Нет, сейчас уже нет. И даже не потому, что экран это экран и то, что происходит на экране, не имеет никакого отношения к реальности… Но вот, пожалуй, когда я в первый раз увидел “120 дней Содома” – это была та картина, на которой в первый раз мне было по-настоящему страшно. Как нам известно, Пазолини не стало сразу вскоре после того, как эта картина вышла на экраны. А он же этим фильмом, закончив трилогию Жизни, хотел начать трилогию Смерти. Жаль, что мы никогда не узнаем, чем это закончится, к чему бы он пришел после “Содома”.

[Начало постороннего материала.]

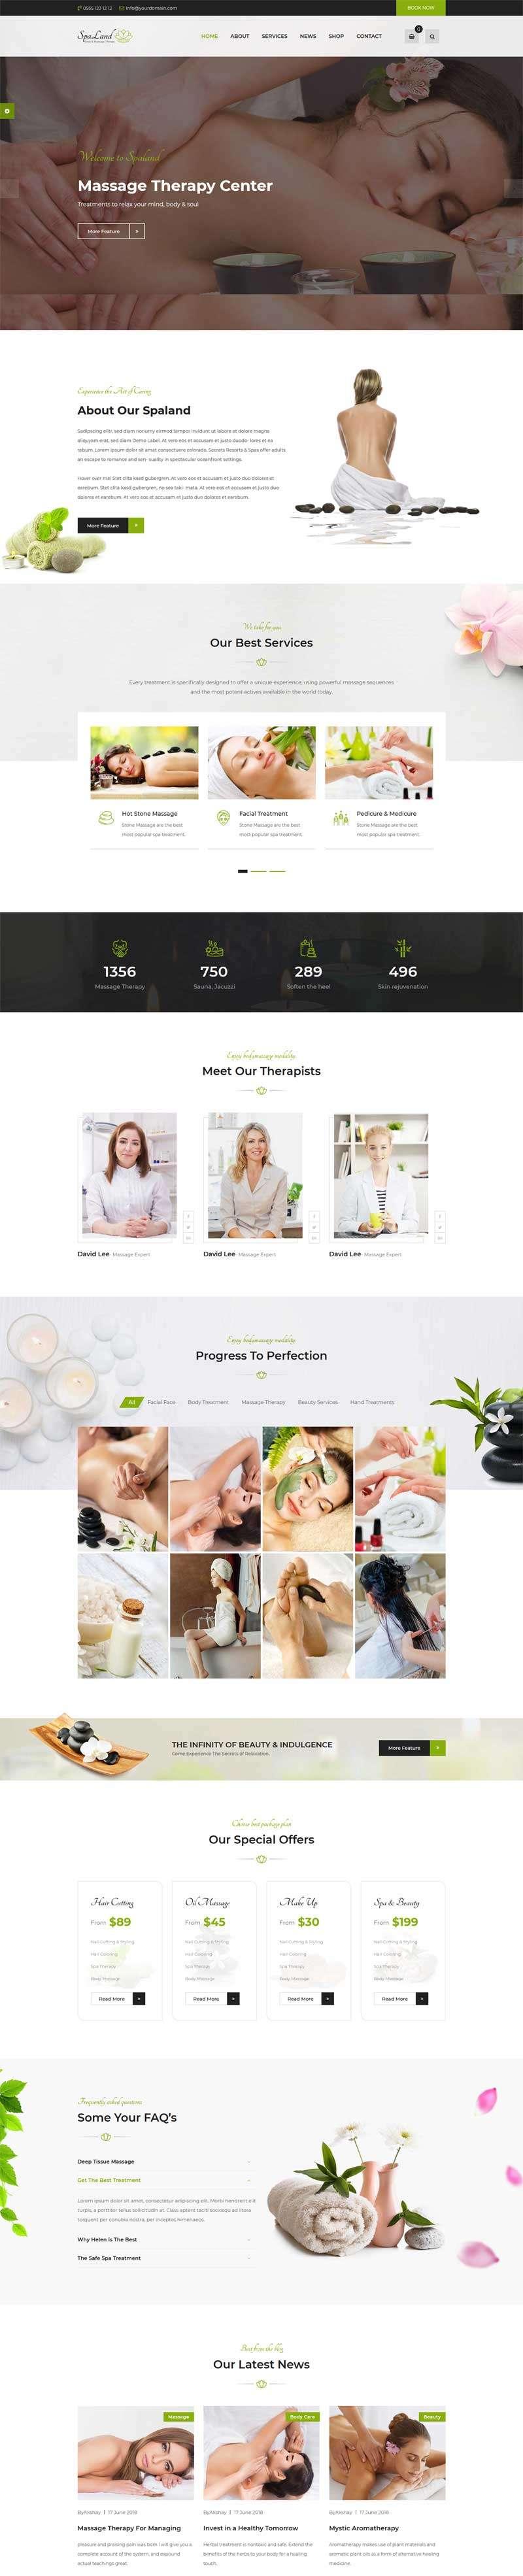 女性spa美容养生会所网站bootstrap模板

Неужели вас не пугала “квартирная трилогия” Полански? “Жилец” – один из самых жутких фильмов всех времен и народов.

Мне кажется, Полански всегда обладал известной долей самоиронии. Чего не было у того же Пазолини, он слишком серьезен. А Полански самоироничен в каждом фильме – от “Жильца” до “Горькой луны” и “Венеры в мехах”. При всей серьезности там всегда есть пространство, которое он оставляет для того, чтобы мы могли посмеяться и над самими собой, и над ним как режиссером. И даже в “Жильце” – люблю роман Роланда Топора и фильм – даже там есть пространство для смеха. Полански в этой картине отчасти смеется над самим собой, как над человеком, у которого был шанс потерять самого себя после выхода из гетто, возможность не стать самим собой. Фильм отчасти о том, как можно перестать быть самим собой или оставаться собой – и где эти векторы, как они расходятся и сходятся. Когда мы перестаем быть самими собой и когда мы ими остаемся? Возможно, мы никогда не станем самими собой. Или, возможно, будем. На самом деле жизнь – это некий поиск совпадения себя с собой. Вообще, можем ли мы быть самими собой – это один из главных вопросов.

Ваши любимые операторы?

Нюквист – пожалуй, та фигура которая многих перекрывает. Да, он снял Бергмана, да, он снял несколько фильмов Вуди Аллена. Джузеппе Ротунно – чудесный оператор, который снимал Висконти, Феллини. Мне кажется в этой операторской области даже не вполне корректно было бы говорить, кто “лучше”, потому что они работали в разных областях. Ротунно – человек который чувствовал южный свет, а Нюквист чувствовал нордический северный свет и делал из этого невероятное волшебство, которое настигает нас до сих пор.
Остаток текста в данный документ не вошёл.